Benefits of EBS vs. instance-store (and vice-versa) [closed]
Asked Answered
B

10

388

I'm unclear as to what benefits I get from EBS vs. instance-store for my instances on Amazon EC2. If anything, it seems that EBS is way more useful (stop, start, persist + better speed) at relatively little difference in cost...? Also, is there any metric as to whether more people are using EBS now that it's available, considering it is still relatively new?

Blackcap answered 2/9, 2010 at 19:29 Comment(6)
alestic.com/2012/01/ec2-ebs-boot-recommendedJamilla
also "micro" is only available if you are using EBS backed instances.Coriss
Instance Store volumes are much faster and do not a network based storage!Parol
I personally use the instance-store for dumping my up and running MongoDB collection into it and putting it on S3 for two reasons.
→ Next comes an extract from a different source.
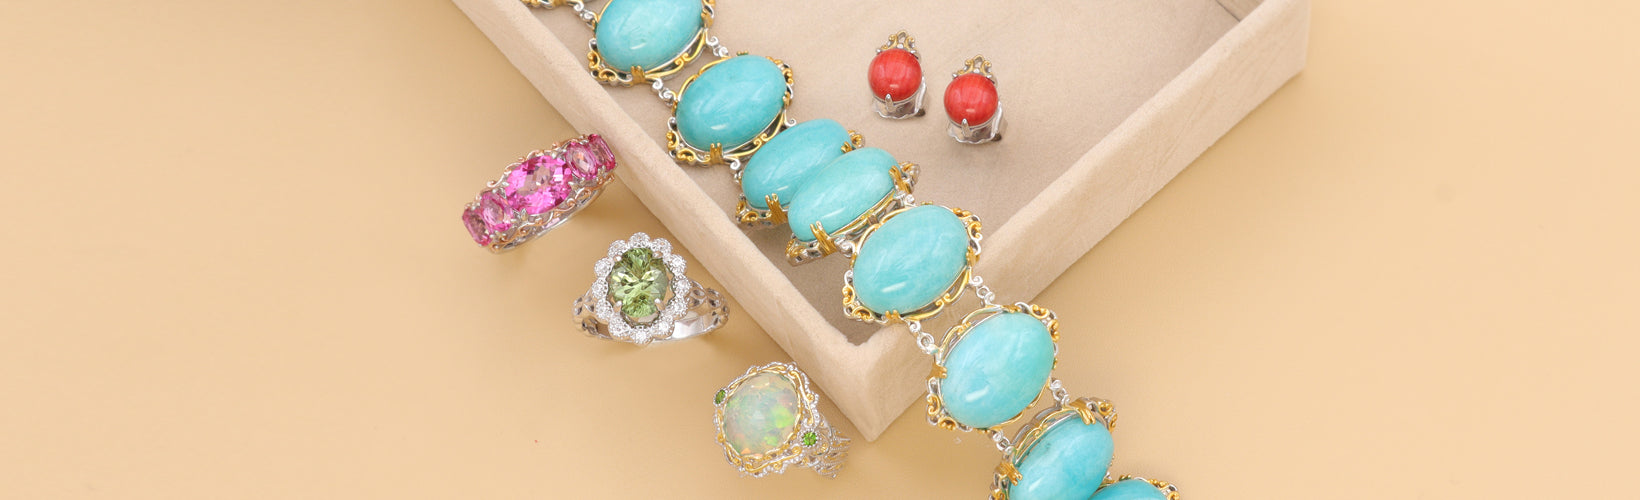 One-of-a-Kind Jewelry Collection

First it's separated and it won't take down write speed on my 10-volume EBS RAID. Second is that it's way faster than EBS and since it comes with my instance there is no point for me to create extra EBS volumes to do the dumping and destroy them after putting them on S3. hope it helps and not constructive my a..Spill
I'm half way through AWS User Guide (700 pages). Have read carefully about EBS and Instance Storage. I still cannot understand why there is such differences. And even more puzzled as why Instance store is equivalent to S3 but is named differently. The question must be re-opened to receive more contribution to useful answers.Functionalism
@Functionalism Instance Store is the local disk(s) of the physical server and not the same thing as S3 or EBS. Instance Store is ephemeral, so anything in it is lost after the instance is restarted.Kalevala
A
299

The bottom line is you should almost always use EBS backed instances.

Here's why

  • EBS backed instances can be set so that they cannot be (accidentally) terminated through the API.
  • EBS backed instances can be stopped when you're not using them and resumed when you need them again (like pausing a Virtual PC), at least with my usage patterns saving much more money than I spend on a few dozen GB of EBS storage.
  • EBS backed instances don't lose their instance storage when they crash (not a requirement for all users, but makes recovery much faster)
  • You can dynamically resize EBS instance storage.
  • You can transfer the EBS instance storage to a brand new instance (useful if the hardware at Amazon you were running on gets flaky or dies, which does happen from time to time)
  • It is faster to launch an EBS backed instance because the image does not have to be fetched from S3.
  • If the hardware your EBS-backed instance is scheduled for maintenance, stopping and starting the instance automatically migrates to new hardware. I was also able to move an EBS-backed instance on failed hardware by force-stopping the instance and launching it again (your mileage may vary on failed hardware).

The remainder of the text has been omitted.